На лице Бэбкока отразилось недоумение — он не мог понять, к чему ведет Джойс. Эйнштейн сосредоточенно слушал.

— Так вот, — продолжал Джойс, — мистер Уильям Батлер Йейтс и его друзья живут в такой арабской сказке. Для них она реальна. Даже более реальна, чем их собственные слуги. Каждый день мы погружаемся в мир чувств и ощущений, но мы не так наги и беззащитны, как Адам и Ева в раю. Куда бы мы ни отправились — в пивную за углом, в передвижной арабский цирк или на Южный полюс с Амундсеном, — мы несем с собой определенные идеи, определенные предрассудки. Если бы сейчас в эту комнату вошел вор-карманник, он увидел бы несколько карманов, которые можно обчистить. Если бы прекрасная Милева, — он шутливо поклонился в сторону кухни, где позвякивала посудой жена Эйнштейна, — изволила пригласить к нам в гости Сократа, он увидел бы здесь несколько умов, которые можно смутить каверзными вопросами. Если бы здесь оказался мистер Йейтс, он увидел бы только материальные тени Вечных Духовных Идей: Науки, — он указал на Эйнштейна, — Искусства, — он иронически указал на самого себя, — и Мистицизма, — он указал на сэра Джона. — Что до меня, то я вижу здесь трех человек, жизни которых складываются по-разному, вот и все.

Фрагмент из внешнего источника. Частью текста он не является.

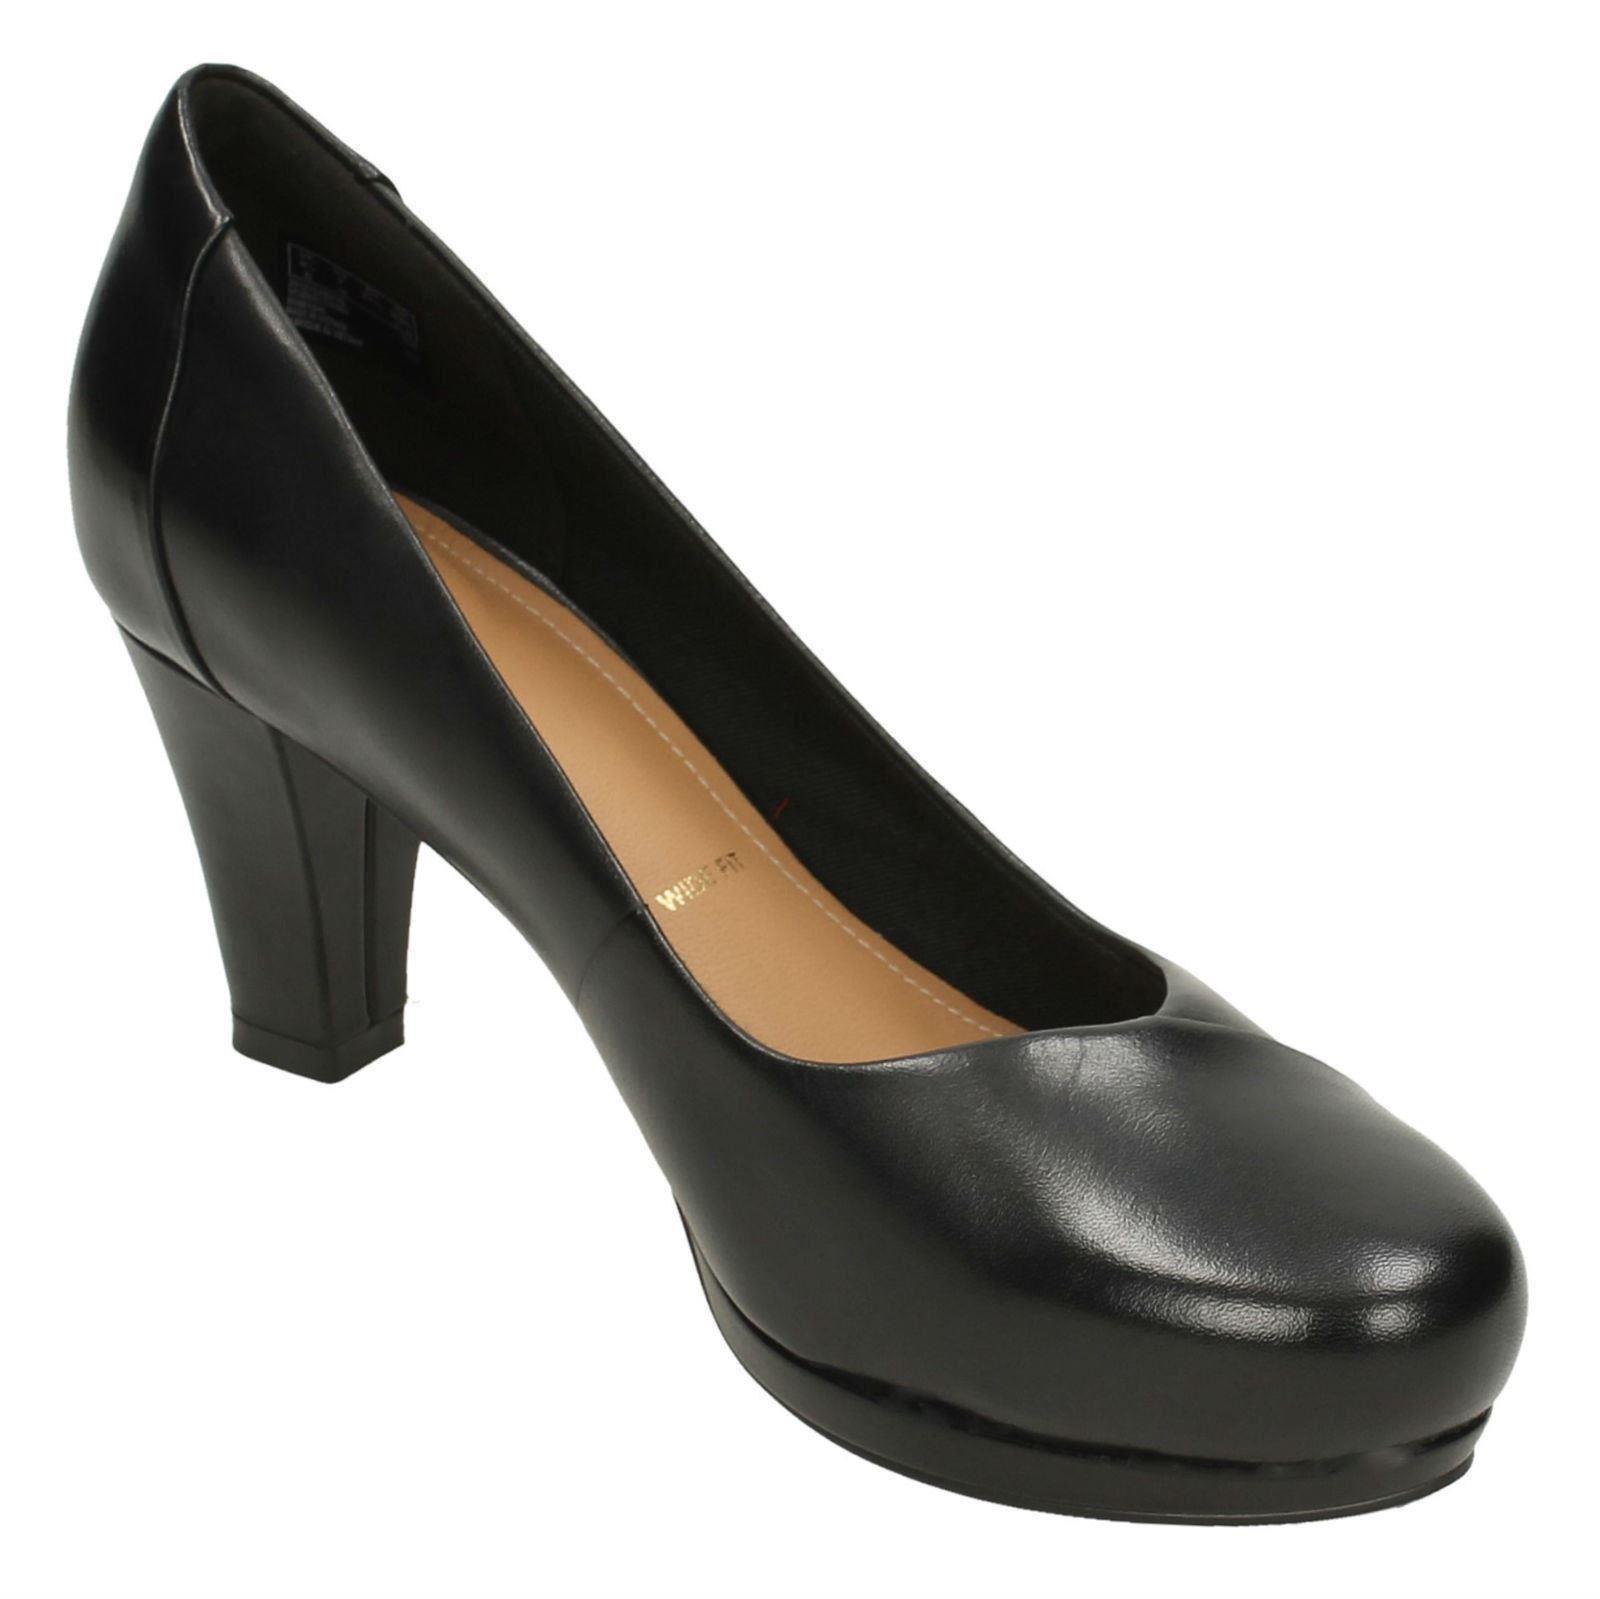 Clarks Chorus Shoes
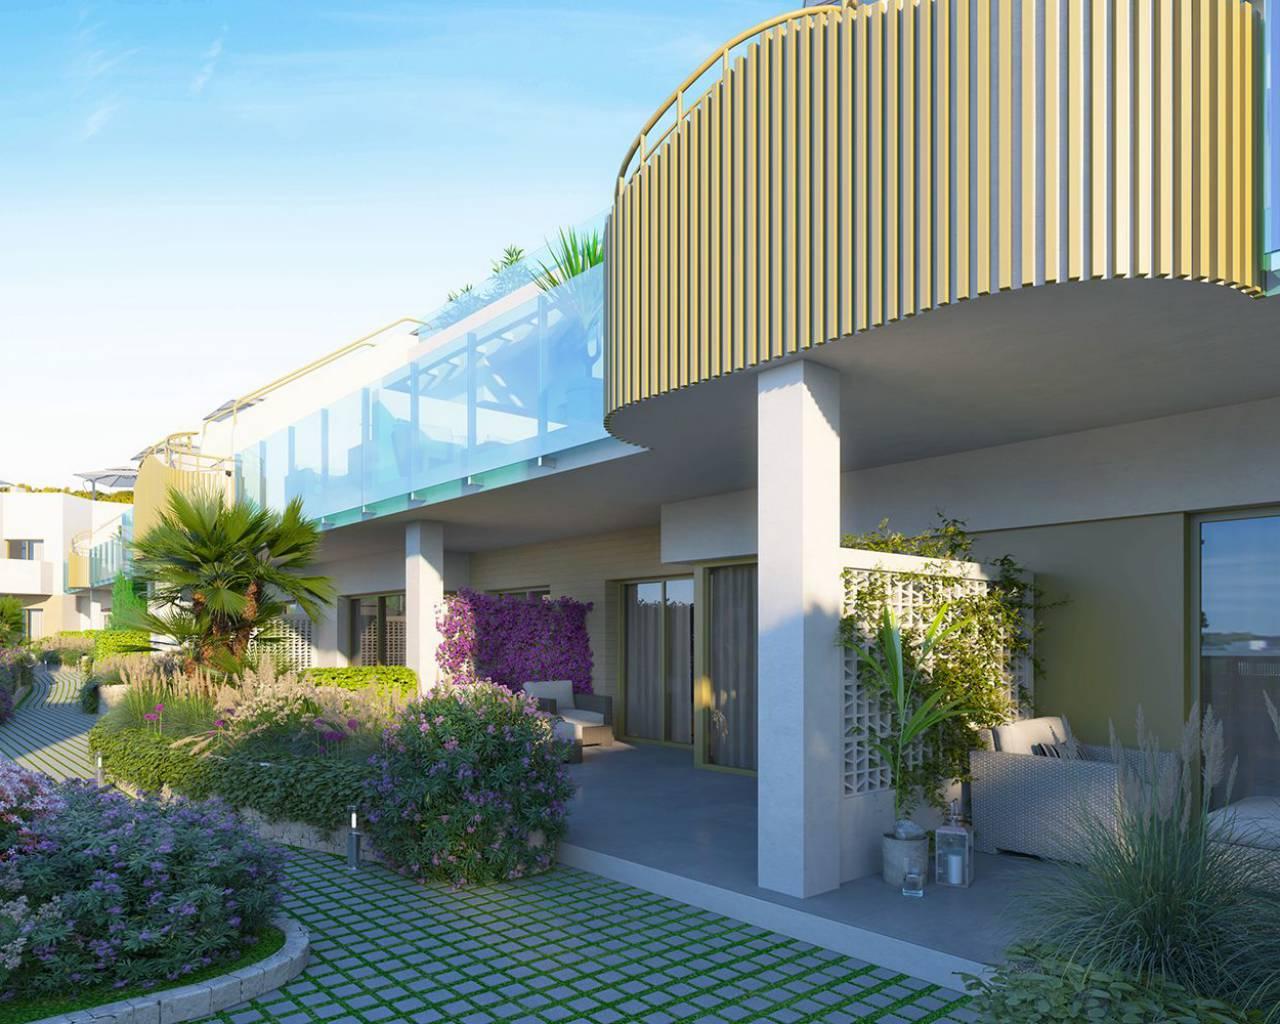 nieuwbouw-appartement-pilar-de-la-horadada_5787_xl

— Если я правильно понимаю, — сухо заметил Эйнштейн, — вы хотите сказать, что люди из «Золотой Зари» не более безумны, чем все остальные?

— Я хочу сказать, — ответил Джойс, — что могу видеть мир таким, каким его видит Йейтс и прочие оккультисты — то есть как духовный путь, полный Знаков и Символов — а могу видеть его таким, каким мне его показали иезуиты в годы моей юности — то есть как юдоль скорби и паутину греха. Я также могу видеть его как поэму Гомера или угнетающий своим натурализмом роман Золя. Мне интересны все его грани.

Сэр Джон подался вперед, внезапно заинтересовавшись разговором.

— Мне кажется, я начинаю вас понимать, — сказал он. — Вы хотите сказать, что я живу в готическом романе, тогда как вы предпочитаете жить в романе Золя.

— Вовсе нет, — сказал Джойс. — В романах Золя только одно измерение, я же хочу видеть этот мир со всех сторон. Я хочу глубоко разобраться в готических романах, романах Золя и всех остальных маскарадах, а затем преодолеть их ограничения.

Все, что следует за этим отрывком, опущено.